Apply *K-Means Clustering* with $K = 3$.

In [47]:
from sklearn.cluster import KMeans

def run_k_means(df, n_clusters):
    k_means = KMeans(random_state=25, n_clusters=n_clusters)
    k_means.fit(df)
    cluster = k_means.predict(df)
    return cluster

cluster = run_k_means(proj_df, n_clusters=K)

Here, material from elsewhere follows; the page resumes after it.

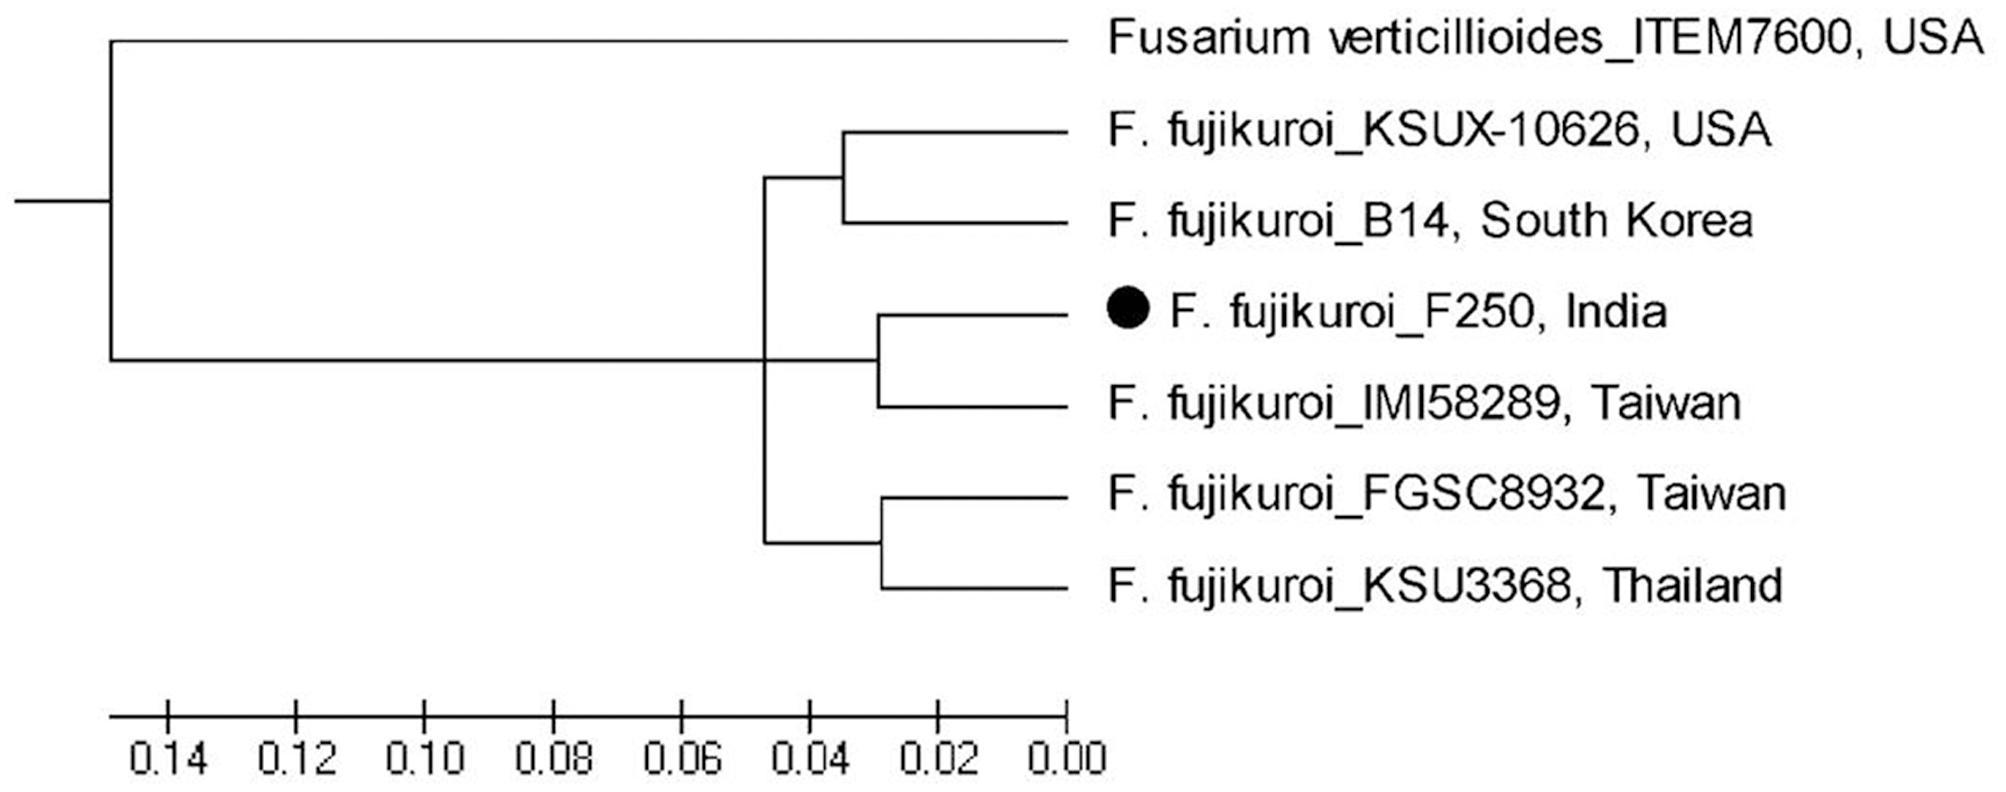 Frontiers Whole Genome Sequencing Of Fusarium Fujikuroi Provides Potato Gun Diagram

*run_k_means* applies `K-Means Clustering` on *proj_df* with number of clusters = $3$.The clustering of the data points is returned in the variable *'cluster'*.

Display clusters formed

In [48]:
print(cluster)

[1 1 1 1 1 1 1 1 1 1 1 1 1 1 1 1 1 1 1 1 1 1 1 1 1 1 1 1 1 1 1 1 1 1 1 1 1
 1 1 1 1 2 1 1 1 1 1 1 1 1 2 2 2 2 2 2 2 2 2 2 2 2 2 2 2 2 2 2 2 2 2 2 2 2
 2 2 2 0 2 2 2 2 2 2 2 2 2 2 2 2 2 2 2 2 2 2 2 2 2 2 0 2 0 0 0 0 2 0 0 0 0
 0 0 2 0 0 0 0 0 2 0 2 0 2 0 0 2 2 0 0 0 0 0 2 2 0 0 0 2 0 0 0 2 0 0 0 2 0
 0 2]


As we can see, the data points have been clustered into two subspaces: $0,1 \, \textrm{and} \, 2$ corresponding to the $3$ subspaces that we have considered. 

In [49]:
c0 = 0
for l in cluster:
    if l == 0:
        c0 += 1
print(c0)

37


In [50]:
c1 = 0
for l in cluster:
    if l == 1:
        c1 += 1
print(c1)

49


In [51]:
c2 = 0
for l in cluster:
    if l == 2:
        c2 += 1
print(c2)

64


$53$ data points have been labelled to the 1st subspace, $50$ data points have been labelled to the 2nd subspace and $47$ data points have been labelled to the 3rd subspace.

In [52]:
orig = iris_data.target

In [53]:
pred = np.asarray(cluster)

In [54]:
from sklearn.metrics import adjusted_rand_score
from sklearn.metrics import normalized_mutual_info_score
print("ARI = " + str(adjusted_rand_score(orig, pred)))
print("NMI = " + str(normalized_mutual_info_score(orig, pred)))

ARI = 0.7223514206678999
NMI = 0.7466951615091428




In the above code block, we calculate the `Adjusted random score` and the `normalized mutual info score` between the `original` and the `predicted` labels for the various data points.